2. 二次相続で相続税が高くなる3つの理由
驚かれるかもしれません。ただ、理由を一つずつ見ていくと、どれも「なるほど」と腹に落ちるはずです。
2-1. 基礎控除が600万円減る
相続税には、財産から先に差し引ける基礎控除があります。
基礎控除額 = 3,000万円 + 600万円 × 法定相続人の数
ポイントは「法定相続人の数」のところ。一次相続では母と子2人で3人ぶんなので、4,800万円まで引けます。ところが二次相続は子2人だけ。法定相続人が1人減って、基礎控除も600万円ぶん小さくなるんですね。引ける額が減れば、その分だけ課税される財産が増えます。基礎控除のしくみは相続税の基礎控除でも整理しています。
2-2. 配偶者の税額軽減が使えない
一次相続でいちばん効くのが、配偶者の税額軽減です。配偶者が取得した財産は、1億6,000万円か配偶者の法定相続分相当額のどちらか多い金額まで、相続税がかかりません。多くのご家庭で一次相続の税額がぐっと抑えられるのは、この制度のおかげ。

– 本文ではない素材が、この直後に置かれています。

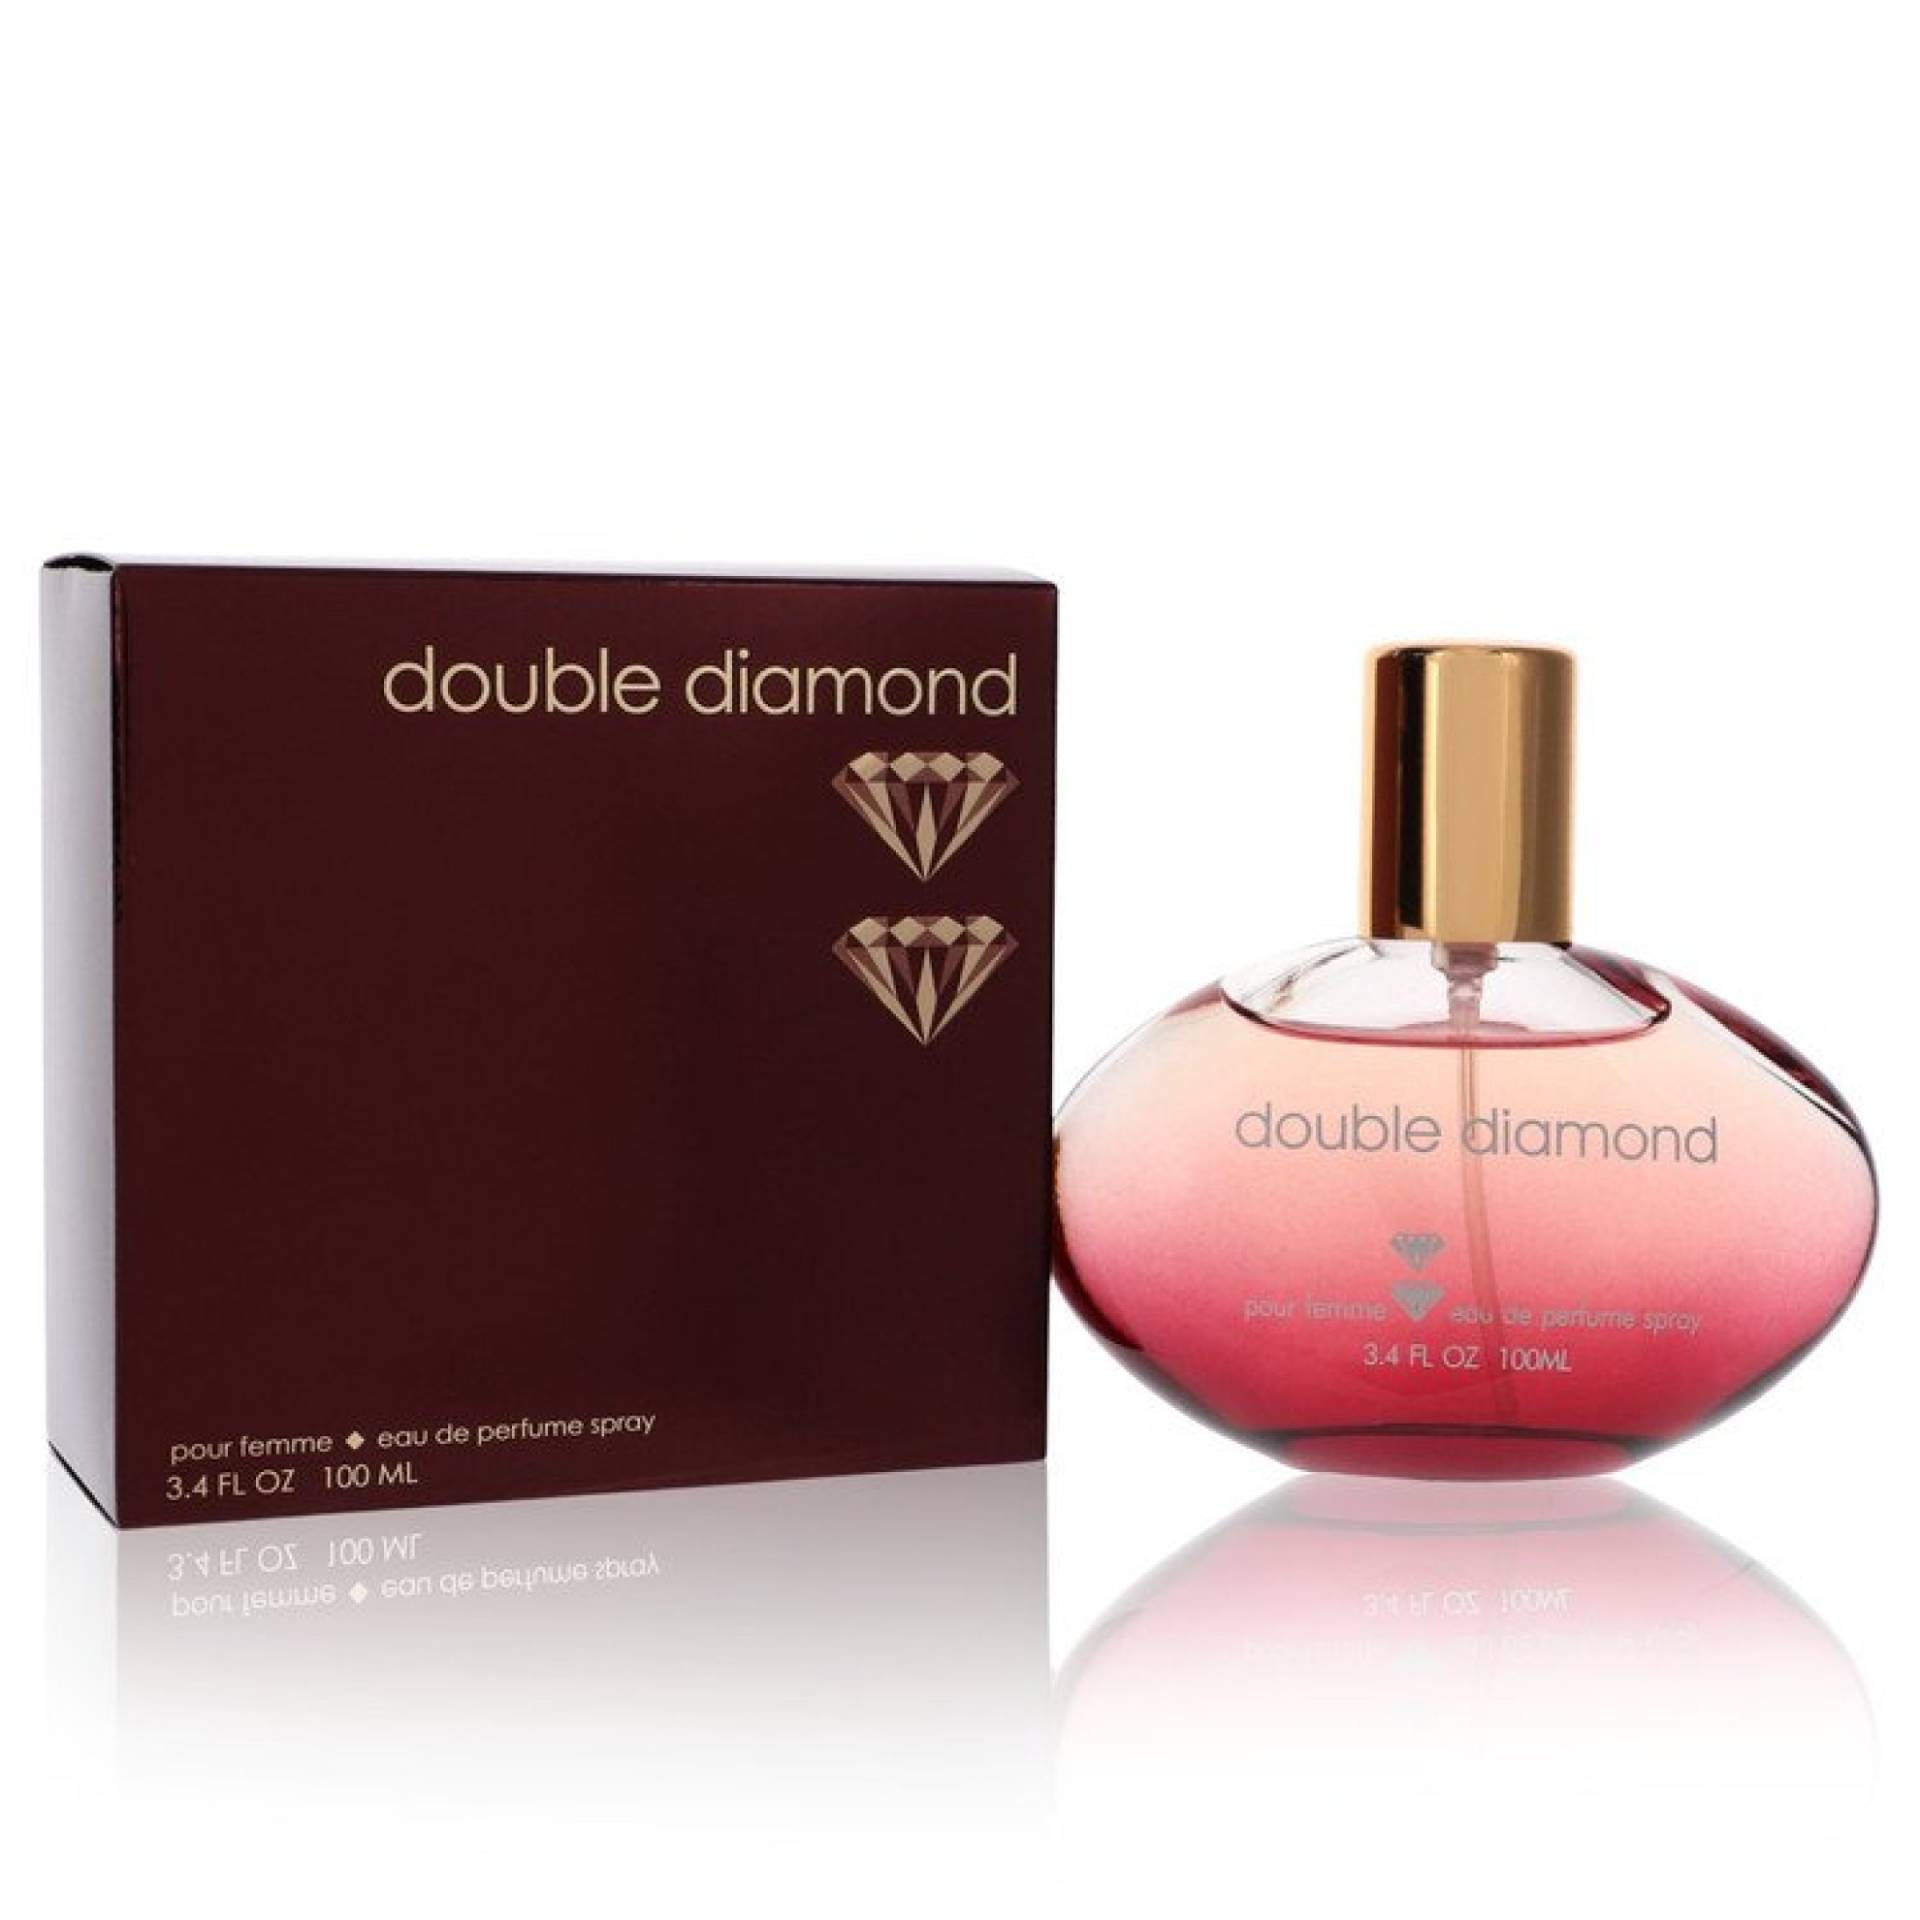 Yzy Perfume Double Diamond Eau De Parfum Spray 100 ml von Yzy Perfume

ところが二次相続では、その配偶者がもういません。配偶者の税額軽減を使える人が存在しないのです。一次でブレーキ役だった制度が、二次では丸ごと外れる。これが二次相続でいちばん効いてくる差です。一次相続ではほぼゼロだった税が、二次でいきなり数百万円に跳ね上がる——その主因は、たいていここにあります。

相続専門税理士 藤本のチェックポイント
ご相談いただくなかで、「一次相続のときは税金がほとんどかからなかったから、二次も大丈夫だと思っていました」とおっしゃる方がとても多いんです。一次がゼロに近かったのは、配偶者の税額軽減がしっかり働いていたから。二次ではそれが使えない、とだけ覚えておいていただけると、心づもりが変わってきますよ。

配偶者の税額軽減のしくみをもっと詳しく知りたい方は、配偶者の税額軽減のしくみで掘り下げています。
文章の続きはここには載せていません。